Comparing diabetics and non-diabetics, diabetics were older, more often non-smoker non-drinker women, but more obese. They also exhibited more severe OSA, especially in non-REM (NREM) sleep, worse sleep quality (reflected by low SE, TST, percentage REM sleep on TST), more marked intermittent (reflected by ODI) and global (reflected by mean oxygen saturation, oxygen desaturation, and minimal oxygen saturation) nocturnal hypoxemia and a higher mean heart rhythm (HR) (Tables 2 and 3).

Table 2 Demographic characteristics for all cardiometabolic comorbidities
Table 3 Polysomnographic characteristics for all cardiometabolic comorbidities

In multiple regression modeling, diabetes was significantly associated with female sex, increasing age, enlarged NC, high BMI, former or current smoking status, and less alcohol consumption. Severity of OSA (reflected by AHI), decreased sleep quality (reflected by low SE, TST, N3, REM), sleep fragmentation (ARI), nocturnal intermittent/global hypoxemia, PLM index and a higher mean nocturnal HR were predictors of diabetes. When adjusted for age, BMI, and smoking status, all of these predictors remained significant, and the duration of sleep AH in REM/NREM also became a determinant factor (Table 4).

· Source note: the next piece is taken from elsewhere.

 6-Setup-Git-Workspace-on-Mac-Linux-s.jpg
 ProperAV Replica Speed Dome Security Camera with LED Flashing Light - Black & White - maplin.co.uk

Table 4 Linear regression analysis for the influence of diabetes-independent variables on quantitative dependent variables

In logistic regression, the results showed significant values between REM predominant OSA and diabetes status (Table 5).

Table 5 Logistic regression analysis for the influence of diabetes-independent variables on qualitative dependent variables, adjusted for age, BMI, and smoking status

Cardiovascular comorbidities (CVCo)

Comparing patients with CVCo and without, CVCo patients were older, more often women, and non-smokers. They also exhibited worse sleep quality, more marked intermittent/global nocturnal hypoxemia, and a lower mean HR (Tables 2 and 3).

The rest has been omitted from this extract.